OSRChat makes your OSR device smarter. It can connect to any LLM as long as it follows the OpenAI API specification. You can also connect to Ollama for local deployment, ensuring 100% privacy. Additionally, you can customize prompts to build your own conversational scenarios, similar to SillyTavern.
If you plan to use Ollama, it is recommended to use the huihui_ai/glm-4.7-flash-abliterated:q4_K_S model (requires 22 GB of VRAM). Also, make sure to load the model once on the Ollama side before making a request, to avoid the first conversation getting stuck or becoming unresponsive.
The current prompts are not perfect, so you may need to test and adjust them yourself.
OSRChat is essentially a server, and you can call its API from other projects.
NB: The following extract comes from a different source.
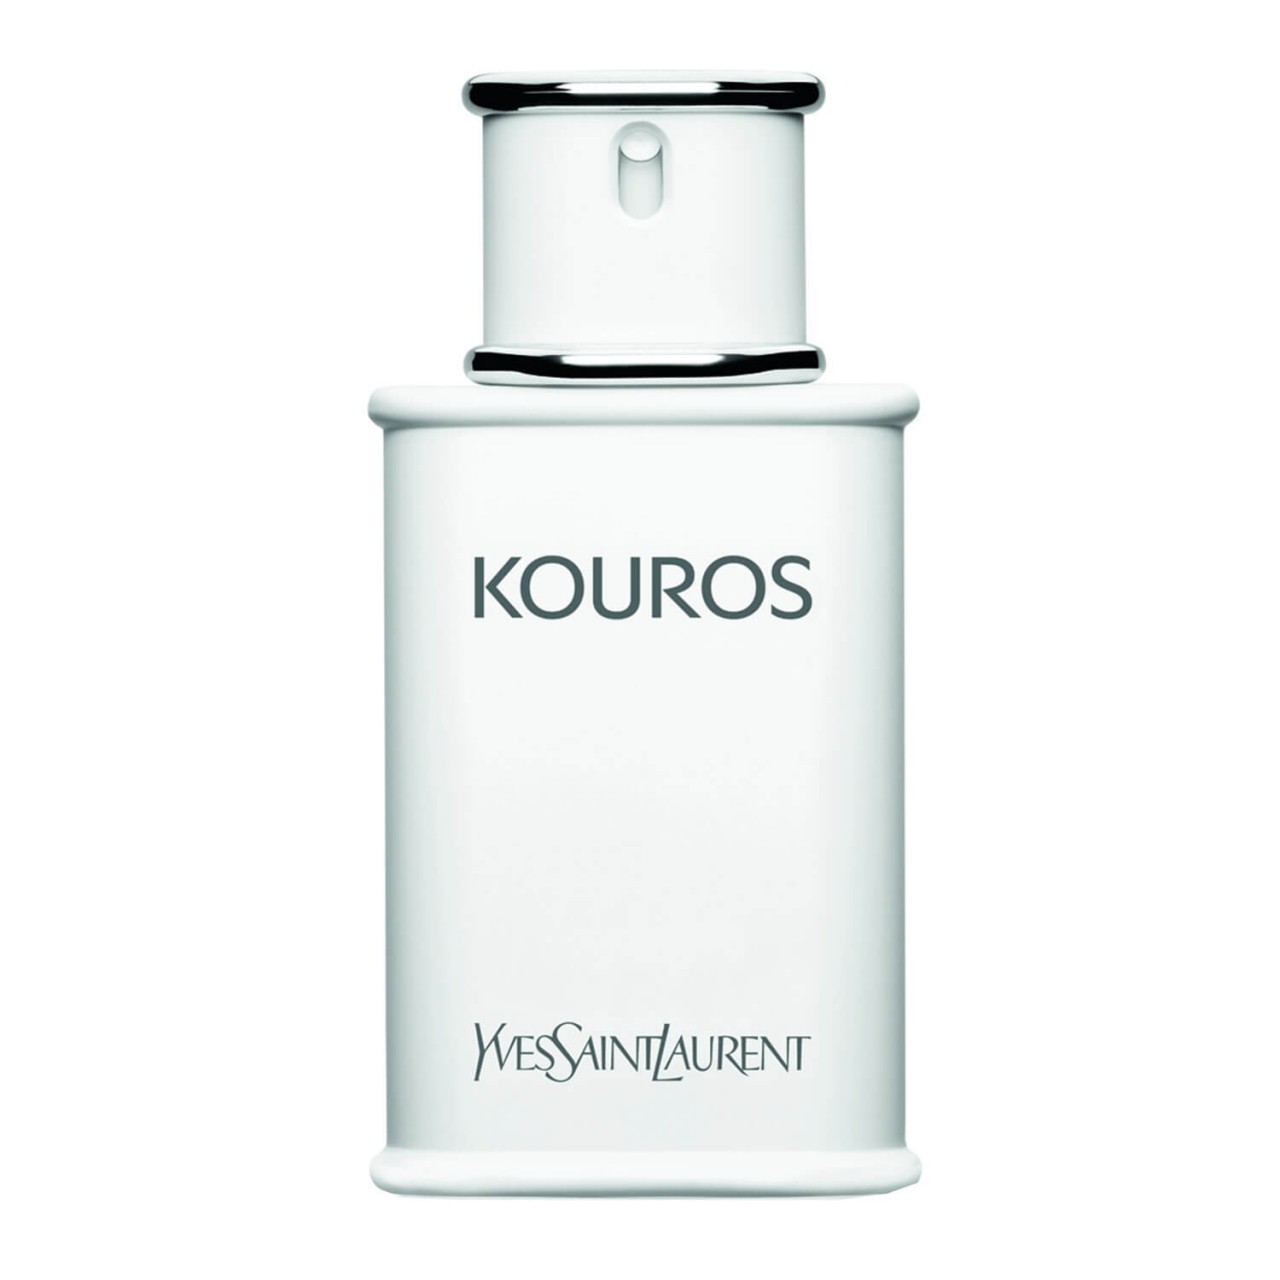 Kouros - Eau de Toilette von Yves Saint Laurent

However, please do not expose it to the public internet—only use it within a secure and controllable local network, as I did not take any network security issues into account when developing it.
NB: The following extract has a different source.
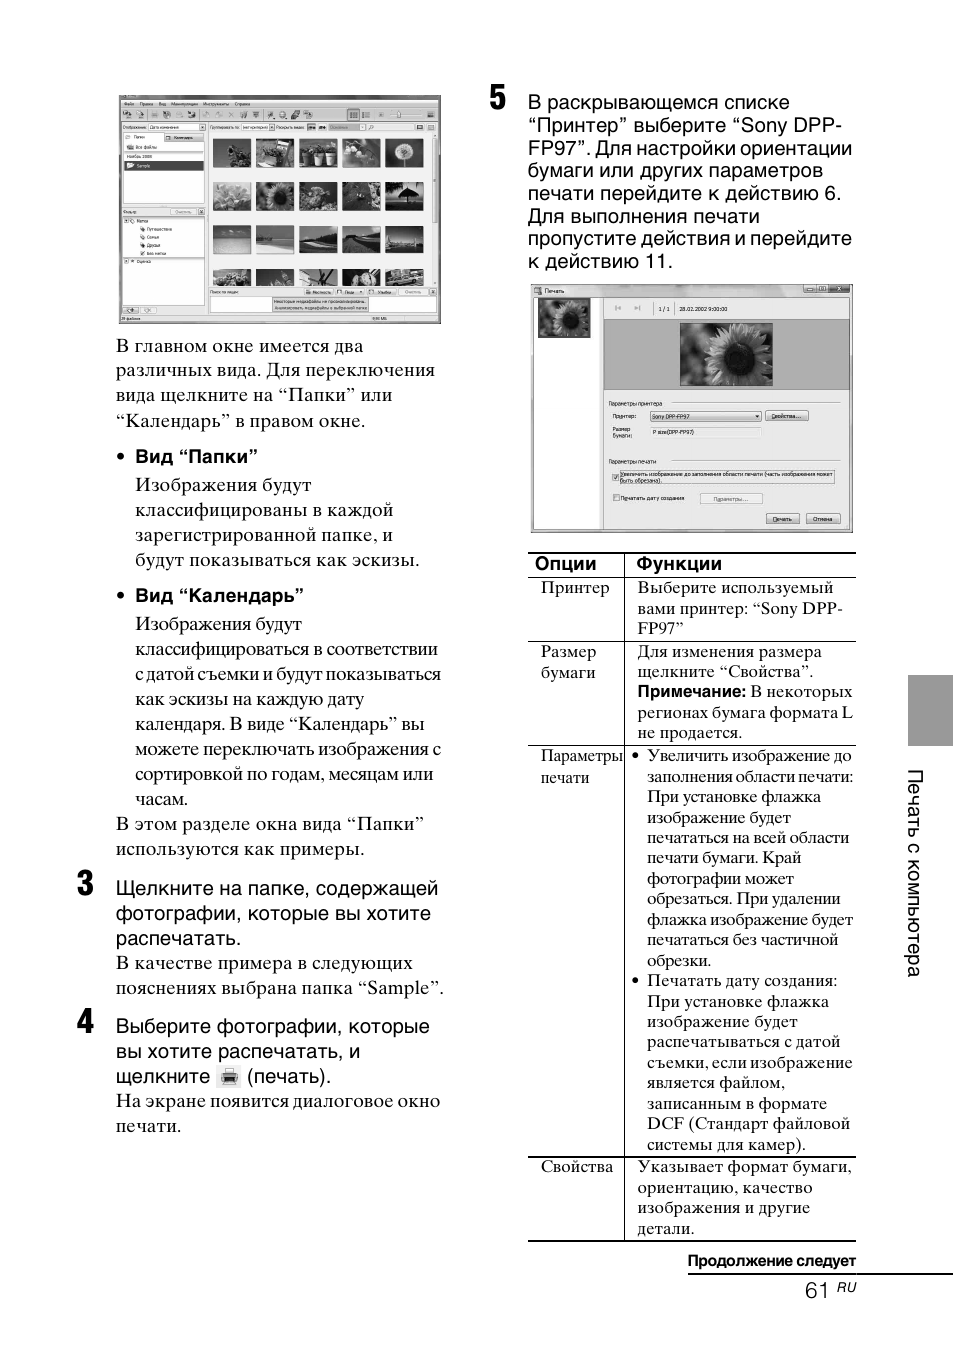 Инструкция по эксплуатации Sony DPP-FP97 | Страница 61 / 92

I don’t trust any cloud service providers, even though they repeatedly promise privacy and security. By using OSRChat together with Ollama or vLLM, all data can be processed entirely within your local network, ensuring 100% privacy. OSRChat also does not record any chat history; if you really need to keep it, I’ve provided an export button that lets you save the current conversation.
You may have noticed a row of buttons at the top of the Chat page. The upward arrow button allows you to export the full context of the current conversation, along with the system prompt, as a JSON file. You can modify the exported JSON file (for example, by editing the LLM’s responses), and then use the downward arrow button to import the modified file. This will allow you to achieve the functionality you described.
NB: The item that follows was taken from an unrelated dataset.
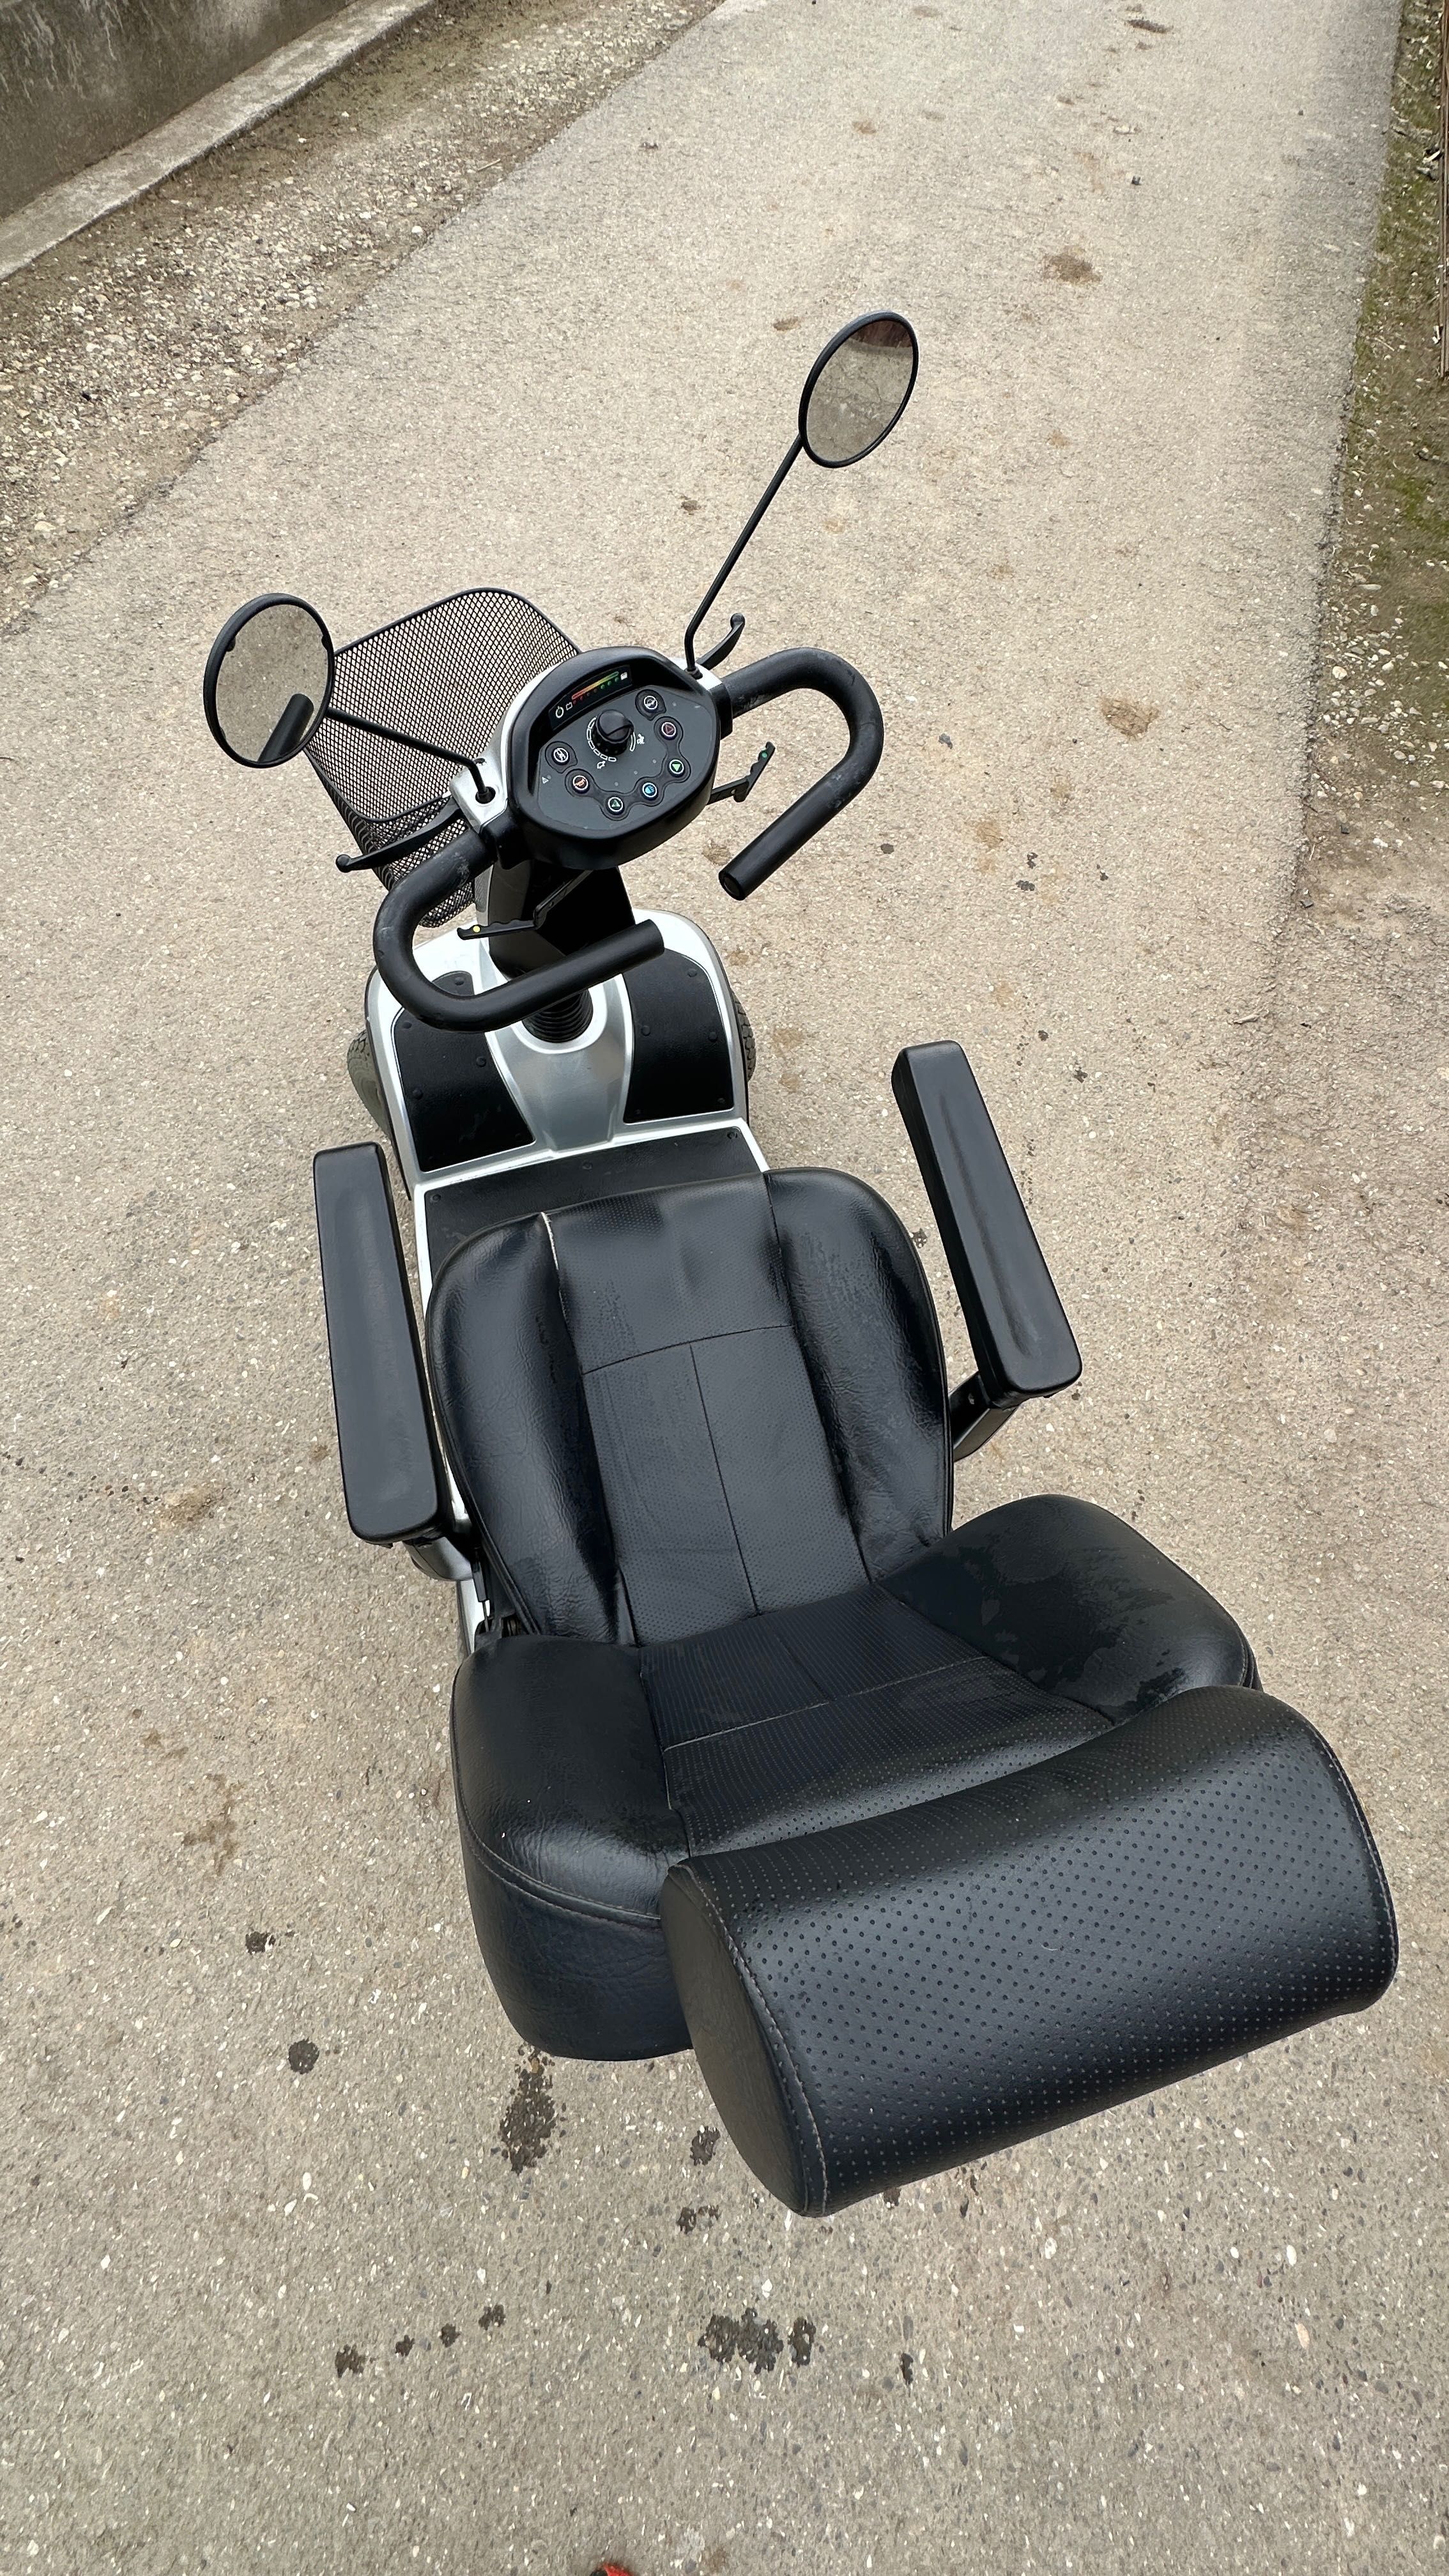 Scooter, cărucior electric, mobilitate redusa / handicap locomotor

Being able to modify the context more quickly would indeed be a great improvement. I will consider implementing this in a future version.
I actually tried developing it based on SillyTavern. However, SillyTavern is simply too bloated—so many settings are piled together that it’s hard to know where to start. I don’t want to add even more complexity to it.
My product design philosophy has always been “simple is better,” which is why OSRChat exists. The OSRChat installation package is only 19.3MB.
To support more LLM APIs, I used the OpenAI library. Since the release of GPT-3.5, many providers have adopted or made their APIs compatible with the OpenAI API specification so that they can be easily swapped with one another. This includes commonly used local deployment tools such as Ollama and vLLM.
As far as I know, KoboldCpp is compatible with the OpenAI-style API (the base URL might be http://localhost:5001/v1), so it should be able to connect directly.
I’m glad you like it.
Regarding prompts, since everyone has their own preferences and prompts may need slight adjustments depending on the model being used, I can only provide the most basic and widely compatible prompts as examples.
You can open the prompts directory from the tray icon’s right-click menu and modify them according to your preferences.